The WAcc is also measured on the word-level, it’s just the WER reformulated as an accuracy metric rather than an error metric. The WAcc is very infrequently quoted in the speech literature - we think of our system predictions in terms of word errors, and so prefer error rate metrics that are more associated with these error type annotations.

Character Error Rate

It seems a bit unfair that we marked the entire word for “sit” wrong when in fact only one letter was incorrect. That’s because we were evaluating our system on the word level, thereby annotating errors on a word-by-word basis. The character error rate (CER) assesses systems on the character level. This means we divide up our words into their individual characters, and annotate errors on a character-by-character basis:

Reference:	t	h	e		c	a	t		s	a	t		o	n		t	h	e		m	a	t
Prediction:	t	h	e		c	a	t		s	i	t		o	n		t	h	e
Label:	✅	✅	✅	✅	✅	✅	✅	✅	✅	S	✅	✅	✅	✅	✅	✅	✅	✅	D	D	D	D

We can see now that for the word “sit”, the “s” and “t” are marked as correct. It’s only the “i” which is labelled as a substitution error (S). Thus, we reward our system for the partially correct prediction 🤝

In our example, we have 1 character substitution, 0 insertions, and 4 deletions. In total, we have 22 characters. So, our CER is: $\begin{aligned} CER &= \frac{S + I + D}{N} \\ &= \frac{1 + 0 + 4}{22} \\ &= 0.227 \end{aligned}$

Right! We have a CER of 0.227, or 22.7%. Notice how this is lower than our WER - we penalised the spelling error much less.
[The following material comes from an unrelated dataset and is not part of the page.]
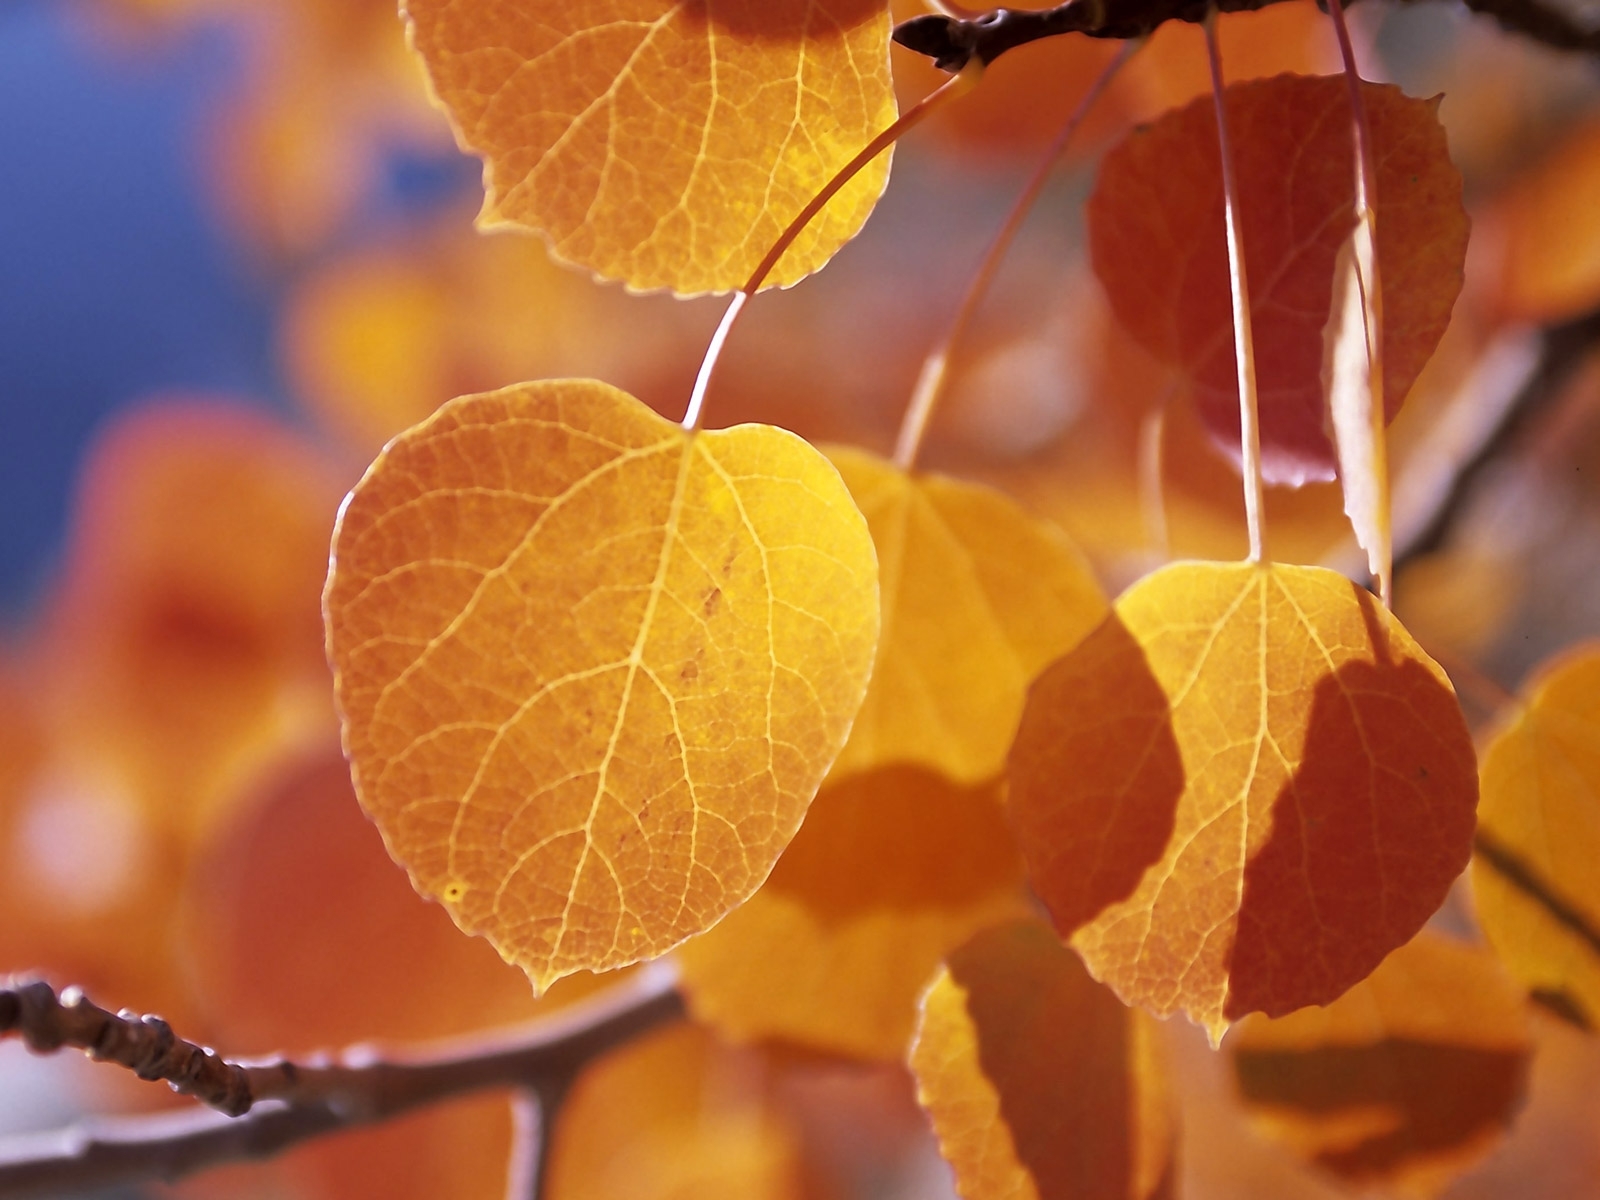 Скачать обои бесплатно Деревья, Листья, Растения, Осень картинка на рабочий стол ПК

Which metric should I use?

In general, the WER is used far more than the CER for assessing speech systems. This is because the WER requires systems to have greater understanding of the context of the predictions. In our example, “sit” is in the wrong tense. A system that understands the relationship between the verb and tense of the sentence would have predicted the correct verb tense of “sat”. We want to encourage this level of understanding from our speech systems. So although the WER is less forgiving than the CER, it’s also more conducive to the kinds of intelligible systems we want to develop. Therefore, we typically use the WER and would encourage you to as well! However, there are circumstances where it is not possible to use the WER. Certain languages, such as Mandarin and Japanese, have no notion of ‘words’, and so the WER is meaningless. Here, we revert to using the CER.

In our example, we only used one sentence when computing the WER. We would typically use an entire test set consisting of several thousand sentences when evaluating a real system. When evaluating over multiple sentences, we aggregate S, I, D and N across all sentences, and then compute the WER according to the formula defined above. This gives a better estimate of the WER for unseen data.

Normalisation

If we train an ASR model on data with punctuation and casing, it will learn to predict casing and punctuation in its transcriptions. This is great when we want to use our model for actual speech recognition applications, such as transcribing meetings or dictation, since the predicted transcriptions will be fully formatted with casing and punctuation, a style referred to as orthographic.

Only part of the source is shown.